The Effect of Parkinson Drug Timing on Cardiovascular Response during Treadmill Exercise in a Person with Parkinson Disease and Freezing of Gait

Cheryl M Petersen *,, Reid Nelson *, Teresa M Steffen
PMCID: PMC3740984  PMID: 24403689

ABSTRACT

Purpose: To examine the response of cerebral oxygenation during treadmill walking in a person with Parkinson disease (PD) who experiences freezing of gait (FOG) and to determine whether the oxygen response was related to the timing of his PD medication. Client Description: A 61-year-old man with PD performed two bouts of treadmill testing on the same day, during the on- and off-phases of his PD medication. Measures and Outcome: The client experienced two FOG episodes during the first testing session (on-phase with hypokinetic movement session). Cerebral oxygen response (measured by near-infrared spectroscopy) was stable until the FOG episodes occurred, at which point it decreased until the FOG episode was over. No electrocardiogram (ECG) changes or lightheadedness were noted; blood pressure (BP) remained stable. During the second exercise testing session (off-phase with dyskinetic movement session), the client did not experience any FOG episodes, and his cerebral oxygen response remained stable.
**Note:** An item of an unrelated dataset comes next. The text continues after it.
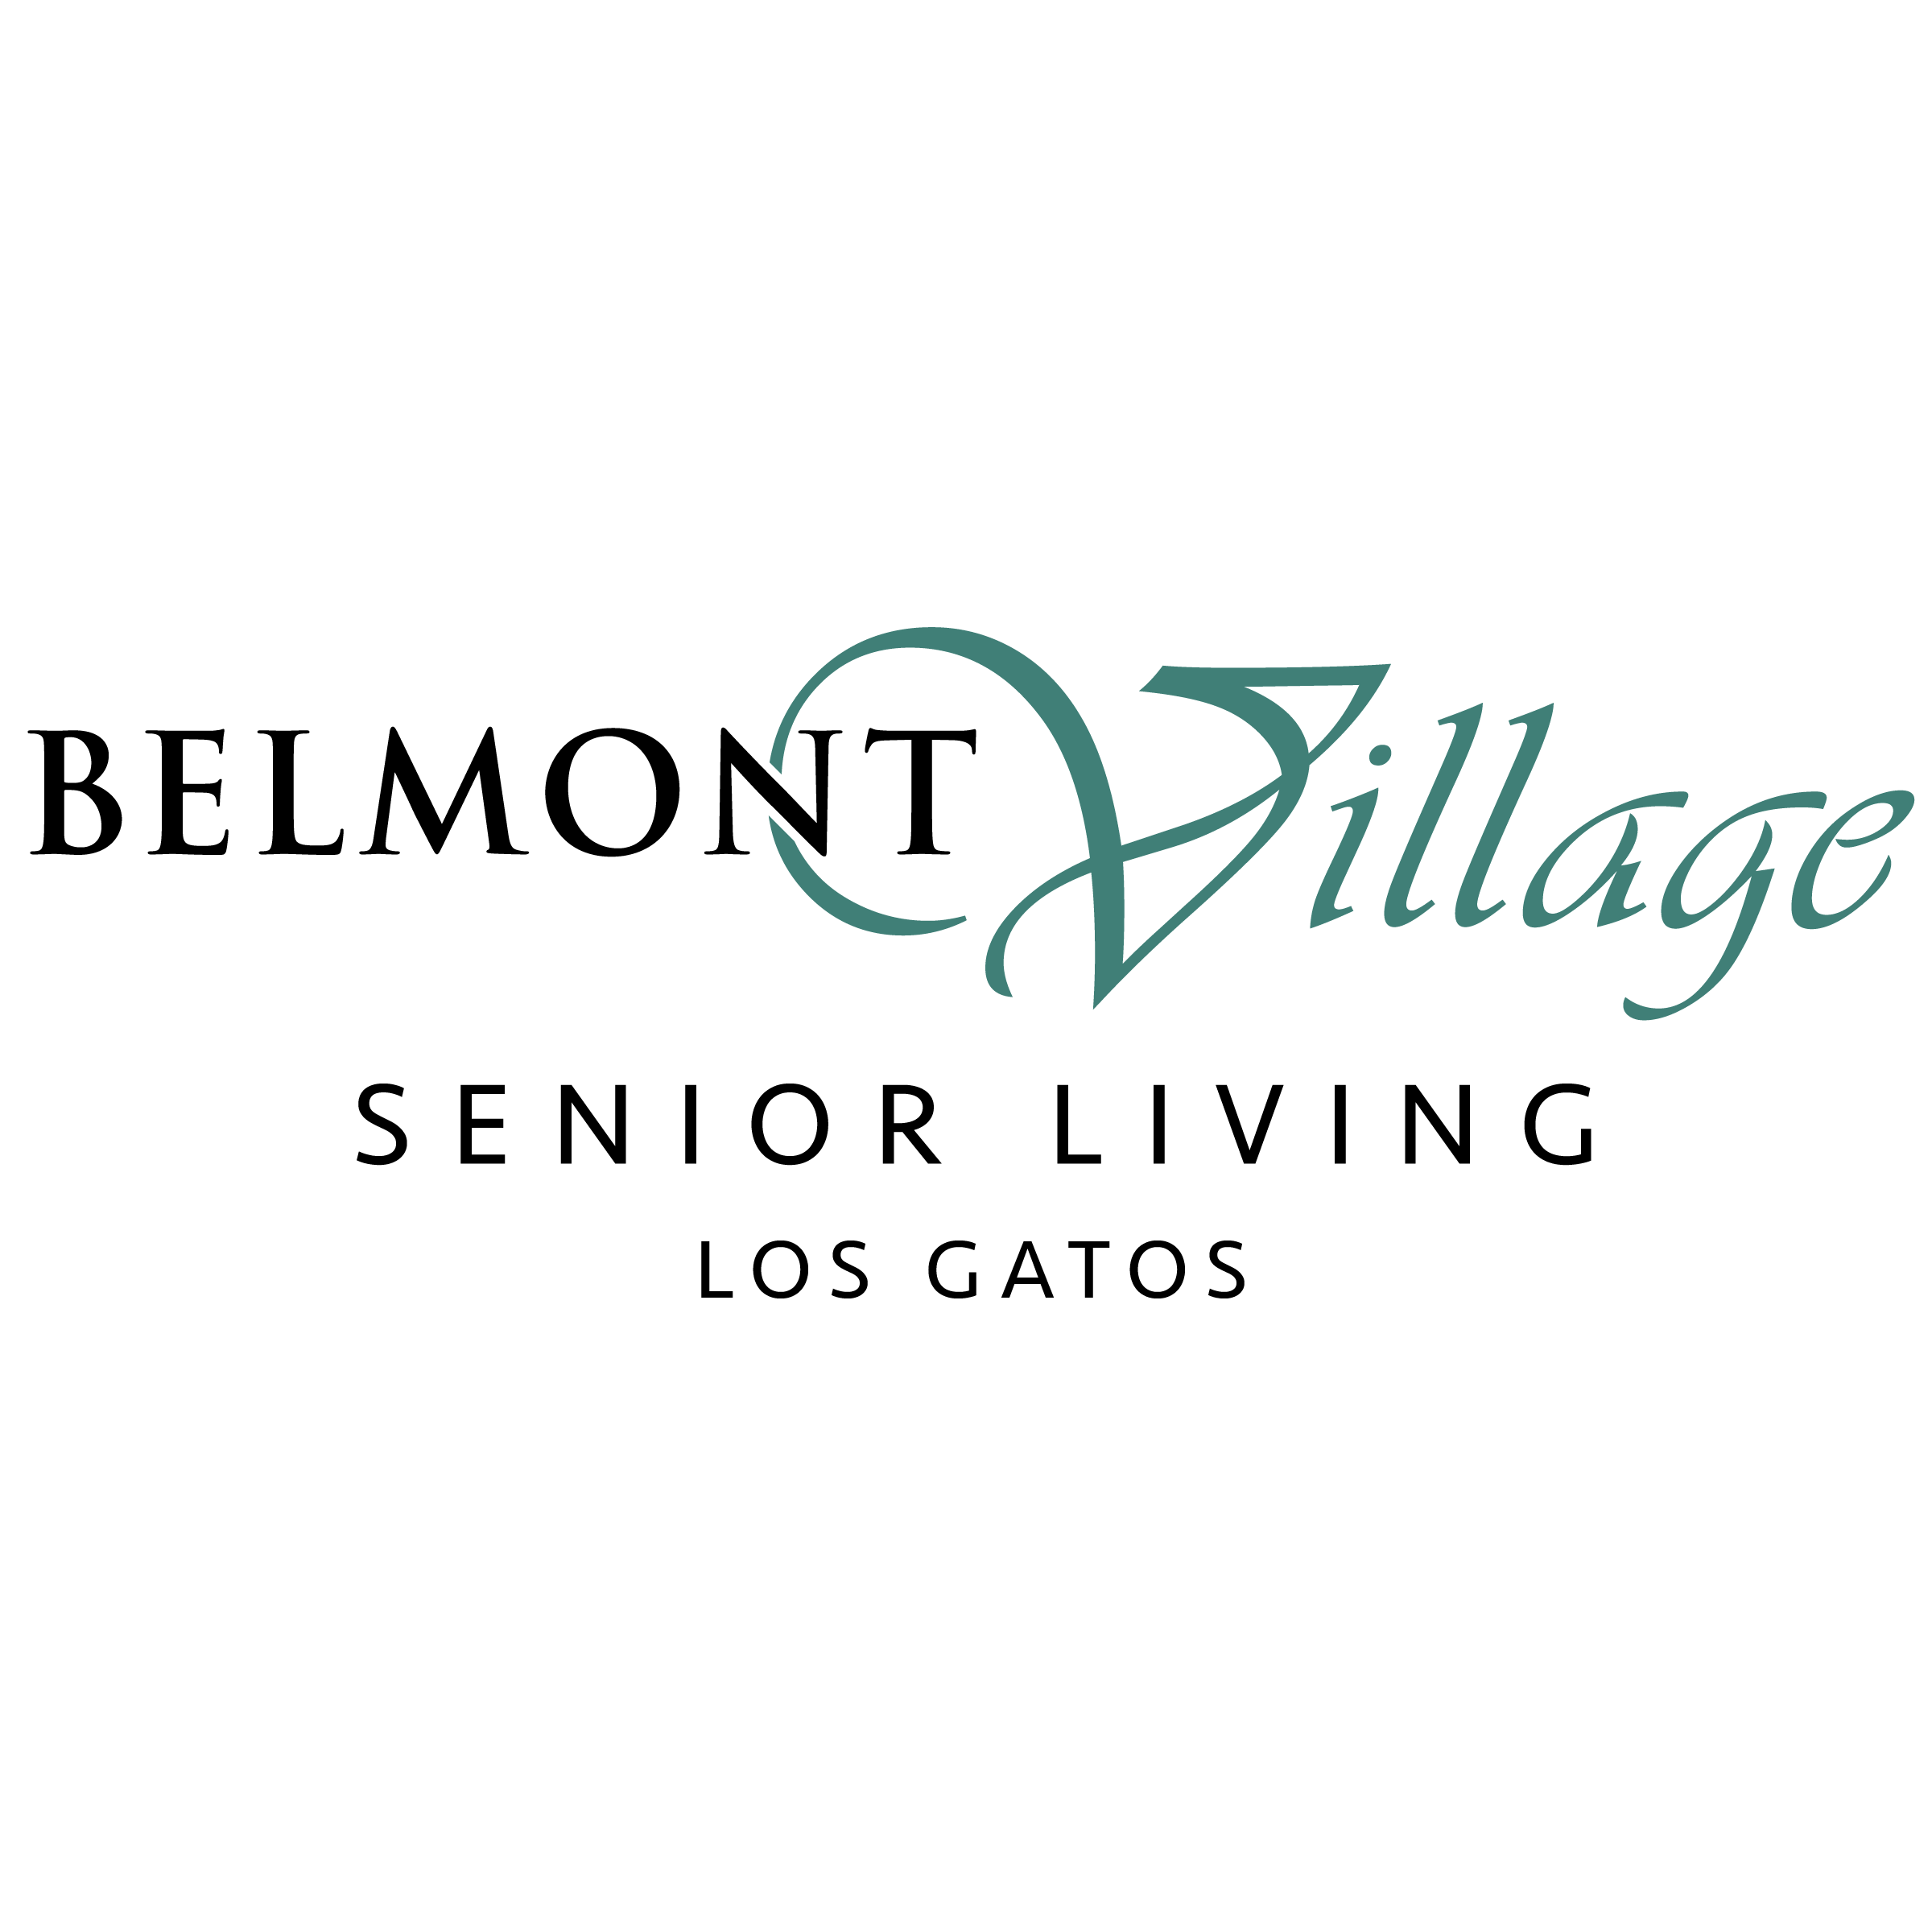 Belmont Village Senior Living Los Gatos

Toward the end of the second testing session, he experienced lightheadedness and a drop in BP of approximately 30 mmHg, along with significant ST segment depression on his ECG. Implications: Haemodynamic and cerebral oxygen changes occurred that were specific to the timing of the client's PD medication and to his FOG episodes. This case study shows a person with PD demonstrating decreased cerebral oxygenation during FOG, which may be based on his variable response to levodopa medication or may be attributable to as yet unidentified physiologic mechanisms.

Key Words: blood pressure, exercise, levodopa, near-infrared spectroscopy, Parkinson disease


Parkinson disease (PD) is a neurodegenerative disorder associated with dopaminergic and non-dopaminergic pathology. A common clinical manifestation of PD is freezing of gait (FOG),1 which may be related to progression of the disease.2 It has been suggested that the basic mechanism of FOG is multifactorial, involving fundamental control of timing and step scaling, affective and cognitive states, and possible disturbances of higher-level motor control and visual perception.3 Levodopa is often used to improve motor function in people with PD. A phenomenon known as wearing-off may complicate levodopa therapy;1 this phenomenon may be influenced by factors such as duration of therapy, age, levodopa dose, and ongoing nigrostriatal system degeneration.4

Pharmacologic strategies to manage wearing-off attempt to provide more continuous stimulation of post-synaptic striatal dopamine receptors by administering more frequent doses.4 In the medication off-phase (when dopamine levels are lowest),5 FOG responds well to levodopa, which suggests that dopamine deficiency may be the underlying pathophysiology.6 Unfortunately, side effects of levodopa may include dyskinesia and hypotension,1,7 and if these occur, levodopa use is often reduced, resulting in bradykinesia. This creates a dilemma for the person with PD between levodopa-induced dyskinesia and hypotension (both of which can increase the risk of falling) and using less levodopa (which means living with bradykinesia).

For people with PD, treadmill training can improve gait symmetry, speed, and rhythm, which may reduce FOG episodes by controlling timing and step scaling.810 Animal studies using a basal ganglia injury model have shown an exercise-induced neuroprotective mechanism,11,12 while human studies of PD have demonstrated improvements in motor performance with treadmill training using both visual and auditory external cueing.8,9,13 Treadmill exercise may improve the release and uptake of dopamine to maintain normal synaptic connections, possibly via greater cerebral oxygenation and the release of neurotrophic factors, which together promote cell survival and new cell growth.14 Specific mechanisms linking dopaminergic release, transmission, or receptor binding with exercise are not known.11

Dysfunction of the autonomic nervous system can occur in people with PD, increasing their risk of developing blood pressure (BP) abnormalities,15 which may be further affected by levodopa therapy, the progression of PD, or both.7 During the off-phase of levodopa, BP has been reported to be higher than during the on-phase.16 Medication timing may also affect how BP and heart rate (HR) respond to exercise. However, DiFrancisco and colleagues (2009)17 have shown that the blunted BP and HR responses to exercise are more a manifestation of the disease than a function of the on- or off-phase of the medication.

In addition, abnormalities of autonomic regulation have been shown to alter the normal BP response to exercise, leading to reductions in tissue perfusion that potentially compromise cerebral oxygenation in people with PD.17 This phenomenon may be exacerbated by a wearing-off effect of levodopa.7 Although brain imaging and cerebral perfusion have been studied in people with FOG,18 we are not aware of any studies that have examined cerebral perfusion/oxygenation during the actual FOG episode during ambulation.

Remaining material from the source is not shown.